LMAO....u got u one! :rofl:


----------



## Black Label Romo (Oct 15, 2009)

it's regular now bro


----------



## Nizmo (Jan 15, 2009)

still the same.... lol.
idk what your doing. but i dont think its right. lmao


----------



## StaffyDaddy (Mar 28, 2009)

Nizmo said:


> still the same.... lol.
> idk what your doing. but i dont think its right. lmao


nah man i didnt do anything but put an IMG code into my sig. i mean that type of **** is pretty fool proof and i know my way around a computer so this is making me MAD!!!


----------



## Nizmo (Jan 15, 2009)

lmfao. is it just uploaded side ways on photobucket or what ever you use. stupid question i know....


----------



## StaffyDaddy (Mar 28, 2009)

ok it should work now i deleted it off photobucket, rendered another copy of photoshop and uploaded that one, then copied the img to that into my siggy.... how about now?


----------



## StaffyDaddy (Mar 28, 2009)

i dont need to take your lip tyrone biggums LOL


----------



## Nizmo (Jan 15, 2009)

its fixed!!!!

i gotta tell you something joe rogan.... i smoke rocks!


----------



## American_Pit13 (Apr 23, 2007)

LMAO! Nice job Oz.. lol


----------



## bahamutt99 (May 14, 2008)

I can do my own photoshopping, but I always like to see what others can come up with as well.

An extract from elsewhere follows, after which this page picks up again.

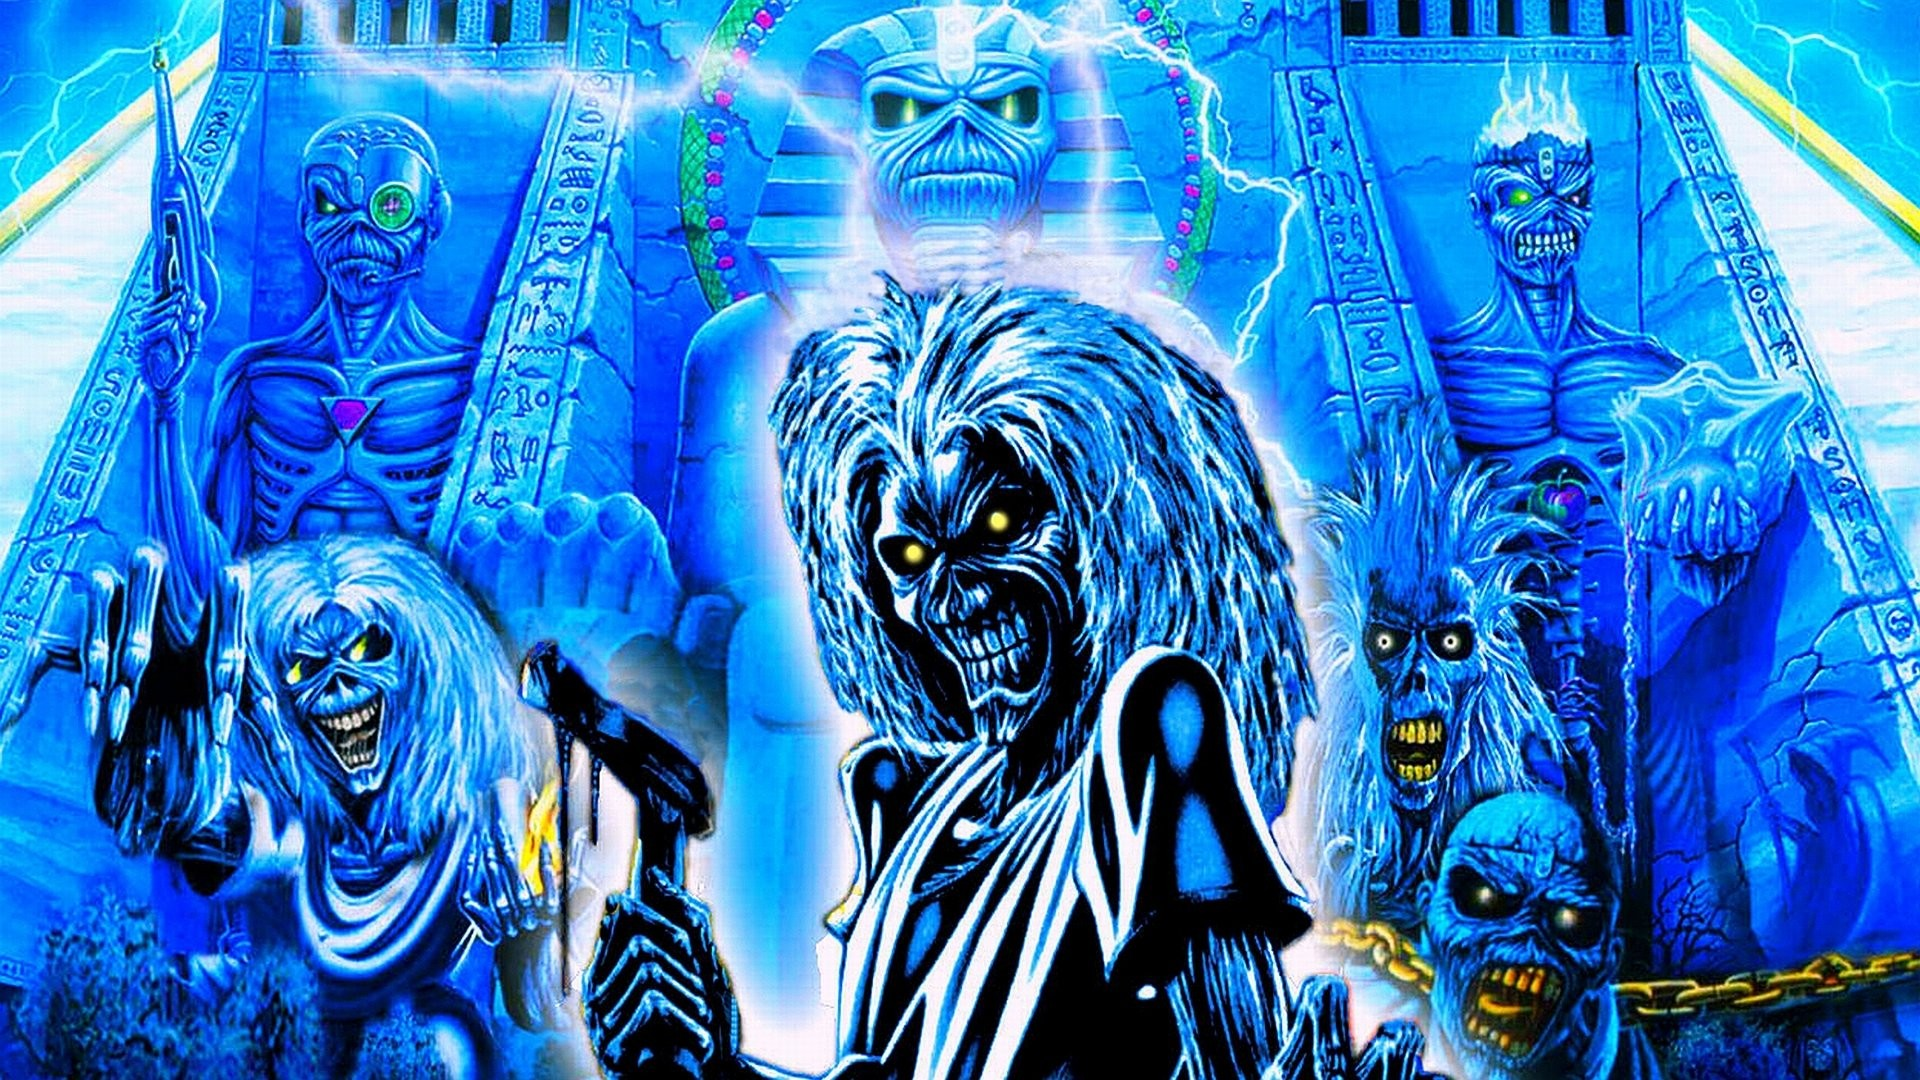 Iron Maiden Wallpaper 2149x1080 Tablet

Lemme try and find you some untagged pics...


----------



## StaffyDaddy (Mar 28, 2009)

hahaha i felt like being funny.....


----------



## Nizmo (Jan 15, 2009)

hahahah lmao thats awesome oz


----------



## StaffyDaddy (Mar 28, 2009)

she's like "bring it MF!" hahahaha


----------



## Nizmo (Jan 15, 2009)

thank you that really is an awesome picture


----------



## StaffyDaddy (Mar 28, 2009)

lol lindsay your doggie is next im trying to think of something clever


----------



## Nizmo (Jan 15, 2009)

someone should burn photoshop and mail it to me.
give me that and an O of some dank and i wouldnt come out of the house for a week.


----------



## StaffyDaddy (Mar 28, 2009)

Nizmo said:


> someone should burn photoshop and mail it to me.
> give me that and an O of some dank and i wouldnt come out of the house for a week.


50 dollar safe bootleg copies, get em here! LOL JK JK


----------



## Nizmo (Jan 15, 2009)

gotta get in where ya fit in.


----------



## bahamutt99 (May 14, 2008)

Good times, LOL!


----------



## StaffyDaddy (Mar 28, 2009)

Lindsay do you have that "gravity logo" in a bigger size? I have an idea for one of your pics


----------